Il problema è quando è solo e unicamente speculativo.

Perché in fondo basterebbe solo un po’ di buonsenso a capire che scrivere un articolo con 10 regole per fare marketing online può destare grande interesse e fervore nei molti appassionati, ma è anche il modo migliore per svilire processi laboriosi e articolati di analisi e strategia, producendo sedicenti professionisti.

Perché basterebbe buonsenso a capire che sbandierare l’arcana ricetta magica dei contenuti di qualità e contenuti utili è una formula troppo facile per chi scrive e troppo difficile per chi legge. Il modo migliore per non essere né utili né di qualità. Chi è abile a fare content marketing non teme di condividere qualche dettaglio in più. Altrimenti è solo una fiera di speech motivazionali in prosa…

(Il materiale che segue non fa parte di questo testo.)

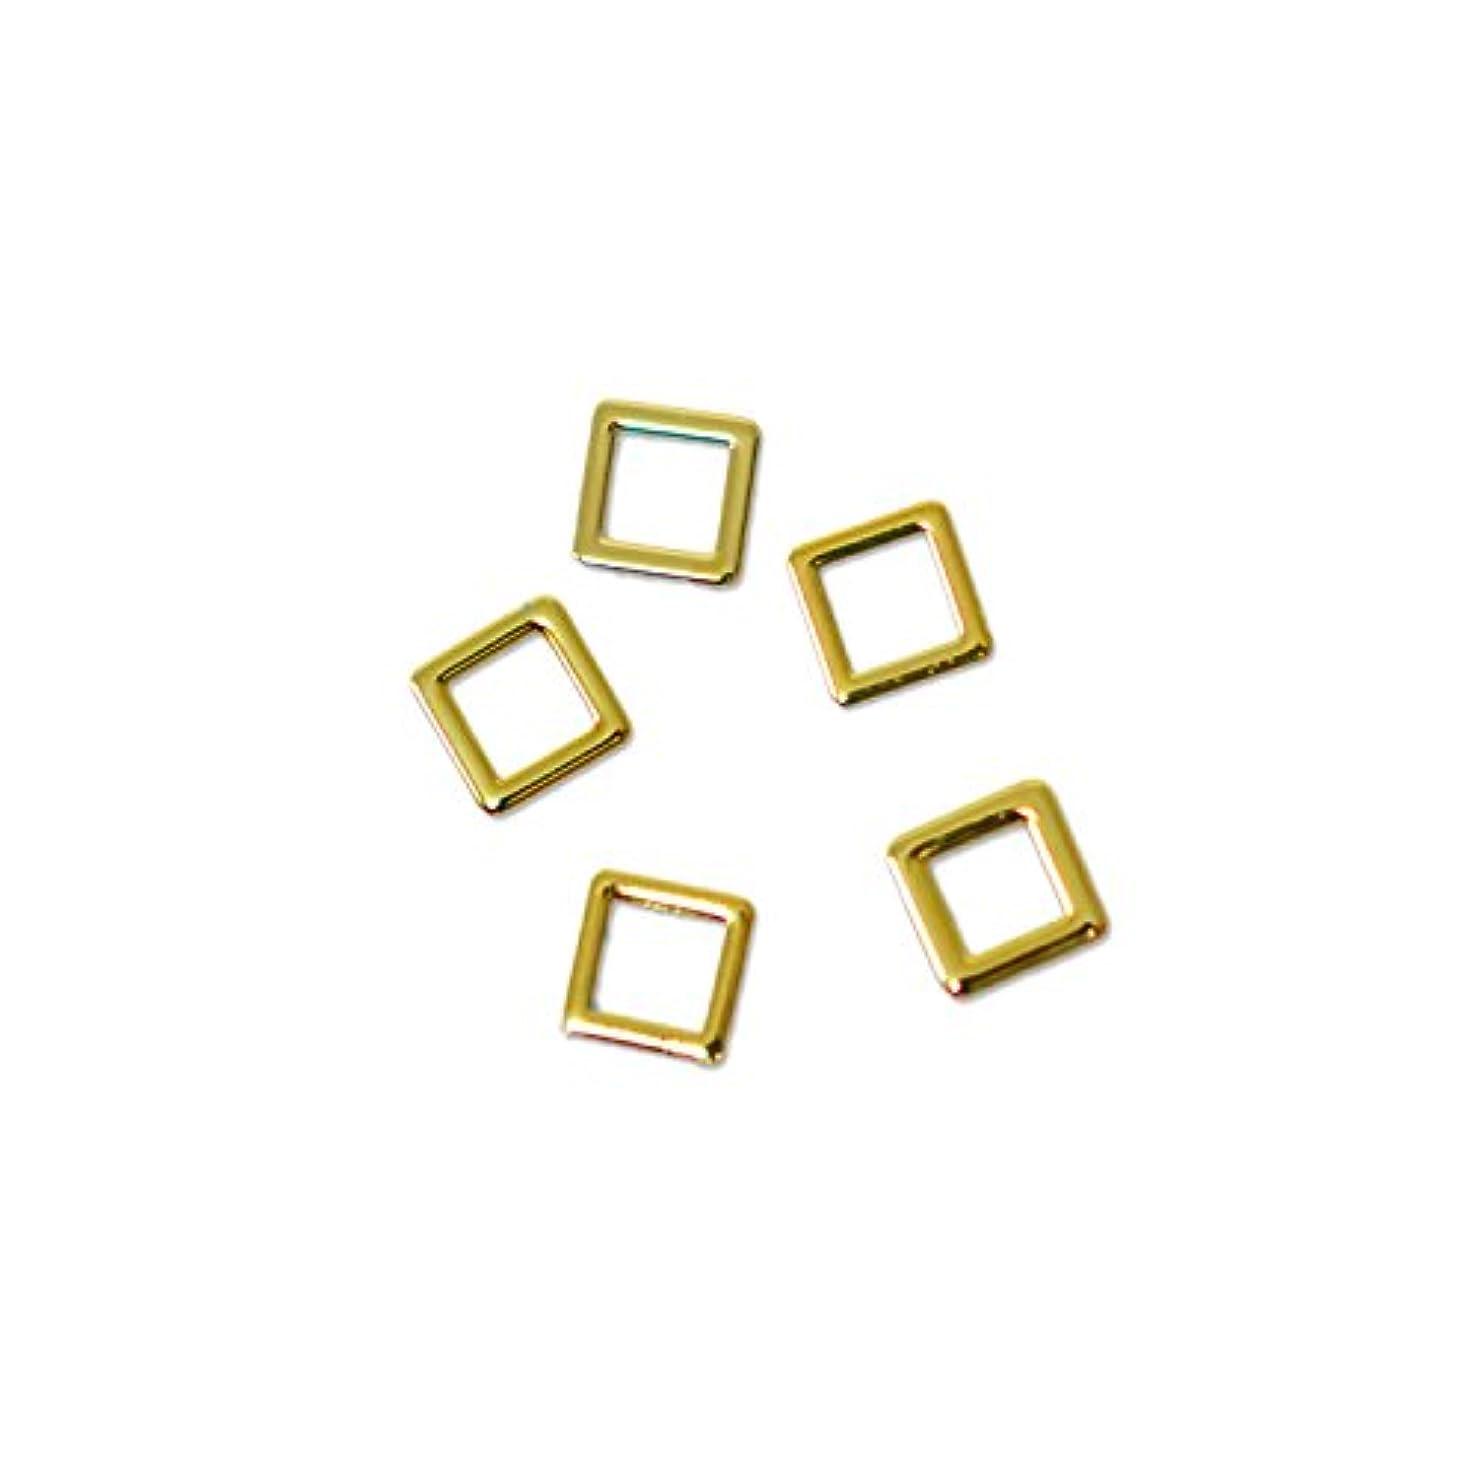 司教枯渇する腰薄型メタルパーツ10001 スクエア 約3mm(内寸約2mm) ゴールド 20個入り 片面仕上

Basterebbe buonsenso a capire che non tutti gli eventi sono uguali e che chi partecipa o meno ha le proprie ragioni, tutte valide, che non necessariamente vanno dibattute in pubblica piazza per creare eserciti di hater.
A nessuno interessano le vostre diatribe.
Quindi piantatela coi finti dissing che ormai non fruttano neanche più ai rapper. E vi confesso che mi sento abbastanza solo in questo mondo ad ascoltare quei cattivoni di Brooklyn.

Basterebbe buonsenso a spiegare che l’influencer non è un lavoro che si impara (e in Italia talvolta non è un lavoro), perché dialettica e carisma non si vendono al mercato e raramente spin doctor hanno trasformato colombi in cicogne. Figuratevi poche guide raccattate da fonti ritenute autorevoli solo perché scritte in inglese.

Sarebbe sufficiente un po’ di buonsenso per non spiattellare online screenshot di poveri cristi che evidentemente di digital marketing non ne sanno una mazza e fanno domande bizzarre. Sono gli stessi che vengono ai vostri e ai nostri corsi e non sono degni di attenzione solo quando mettono le mani nel portafogli.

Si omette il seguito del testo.